Statistical analysis. For continuous variables, data are presented as means±SD or median [interquartile range (IQR)] in the case of non-normally distributed variables. Differences between times at the three different stages were tested with Friedman and Wilcoxon test. Moreover to analyze the differences between stages over time, we calculated the percentage change of variables from baseline at each reassessment. Comparison of percentage changes from baseline between the three stages was analyzed using the Friedman test. Pairwise comparisons were performed by the Wilcoxon test. All tests were two-sided and statistical significance was set at p<0.05. Power analysis indicated that a sample of 15 per stage was sufficient to have a 90% chance of revealing a difference between calcitriol and calcitriol plus sevelamer stage greater than 8% (15% versus 7%, SD 5%) percentage change of FGF23 with 5% significance. All analyses were carried out using the statistical package Statistical Package for the Social Sciences, ver. 17.00 (SPSS Inc. Chicago, IL, USA).
Results
Participant characteristics. The mean age of the male participants (n=4) was 35.5±7.05 years (range=25-40 years) and the mean body mass index (BMI) was 24.83±2.73 kg/m2 (range=21.75-28.37 kg/m2). Concerning females (n=11), the mean age was 38.18±6.73 years (range=25-50 years) and the mean BMI was 22.92±3.44 kg/m2 (range=18.59-29.60 kg/m2).

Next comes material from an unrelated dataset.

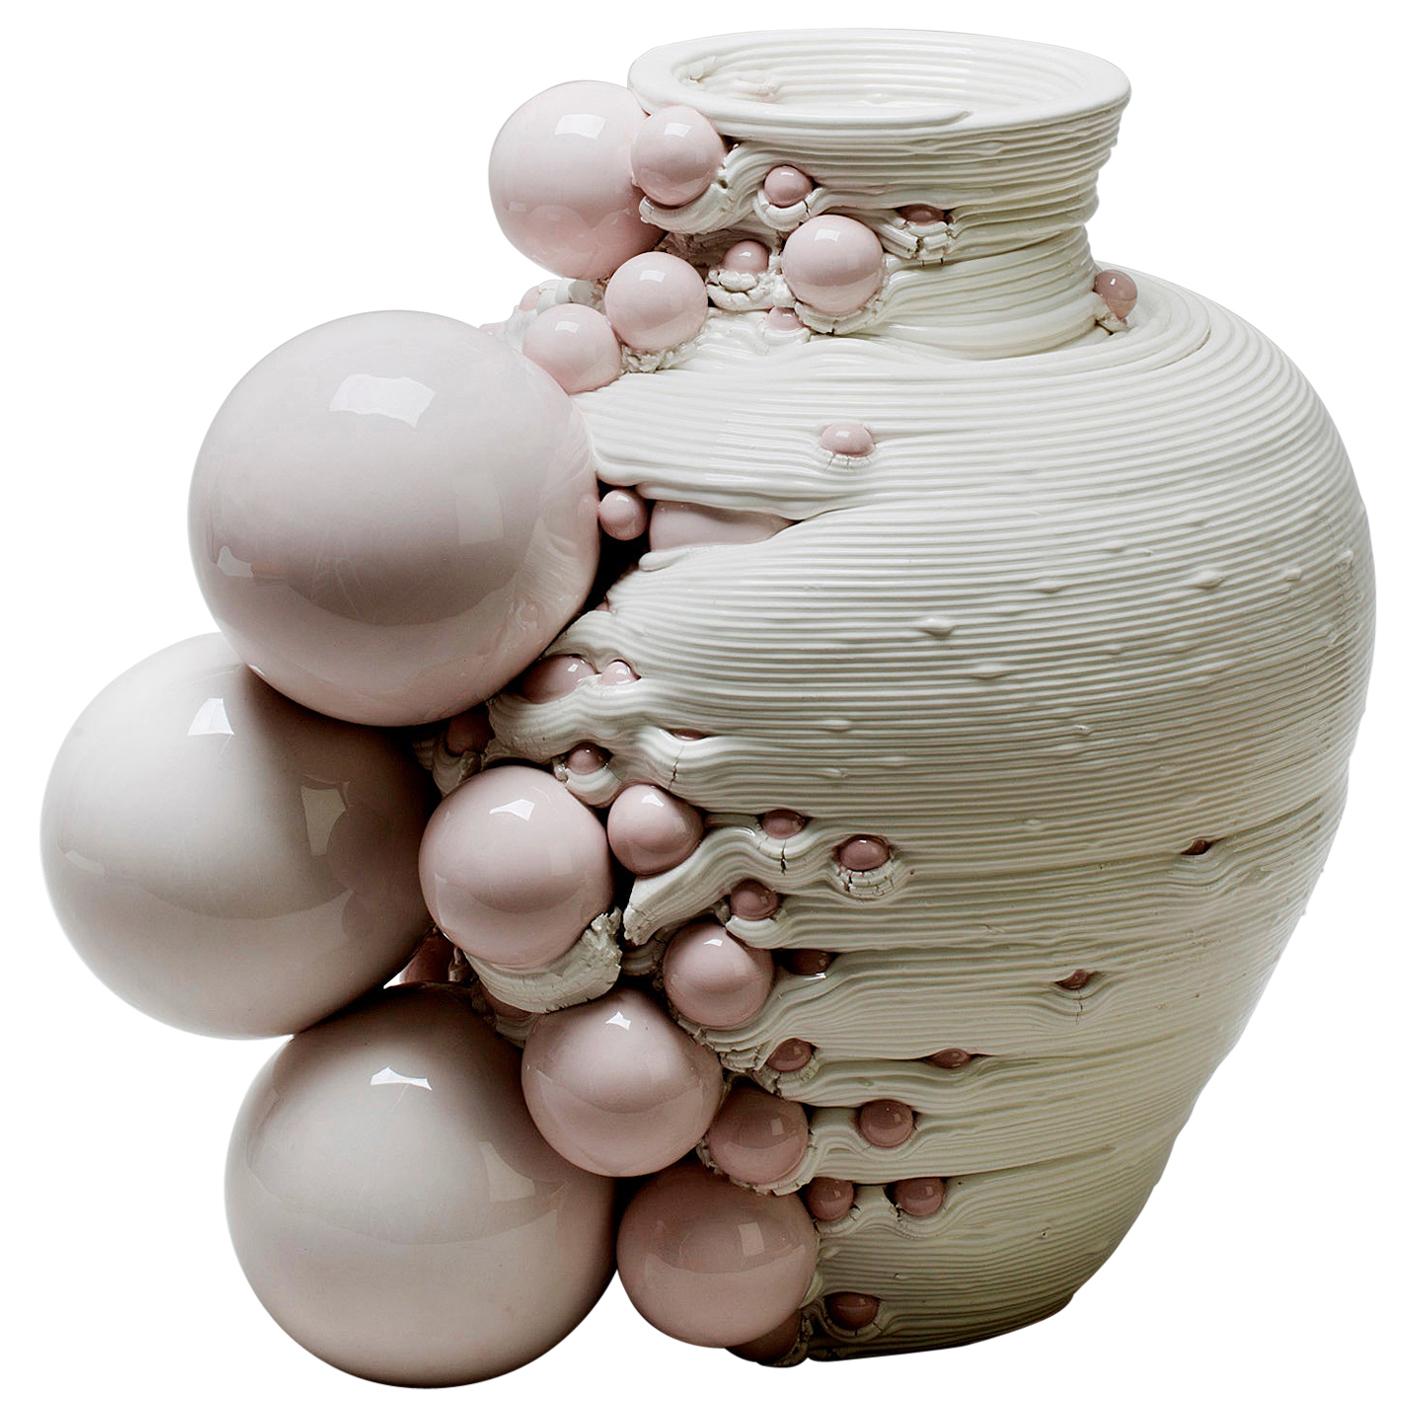 White 3D Printed Ceramic Sculptural Vase Italy Contemporary, 21st Century
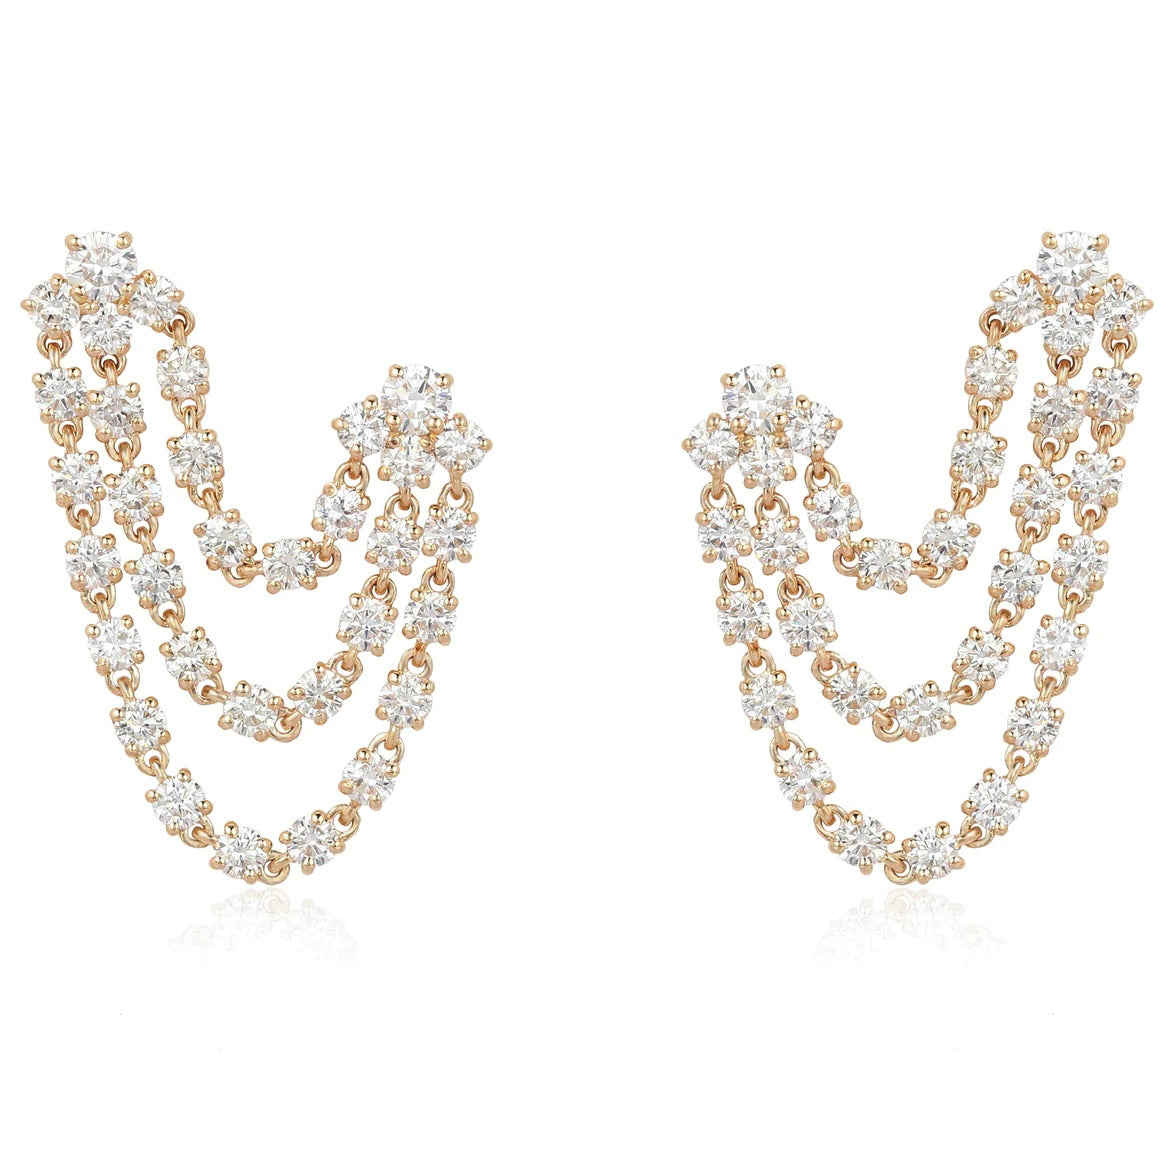 3 Row Diamond Chain Earrings

Baseline. During the first stage of the study (baseline) there was no statistically significant difference (all p>0.05) concerning Ca, P, FGF23, PTH and calcitriol (Figures 2-4) levels between the three time points (0 vs. 8 vs. 24 h) (Table I). Furthermore there was no statistically significant difference between the stages (1 vs. 2 vs. 3) at time 0 h (p>0.050) for any of the variables tested (Table II).
Table I. Comparison of variables at each time point for the first stage(baseline).
Alb; Albumin; Cr: creatinine; FGF23: fibroblast growth factor-23; PTH:parathyroid hormone. Data are presented as means±SD
Table II. Comparison of variables between stages at time 0.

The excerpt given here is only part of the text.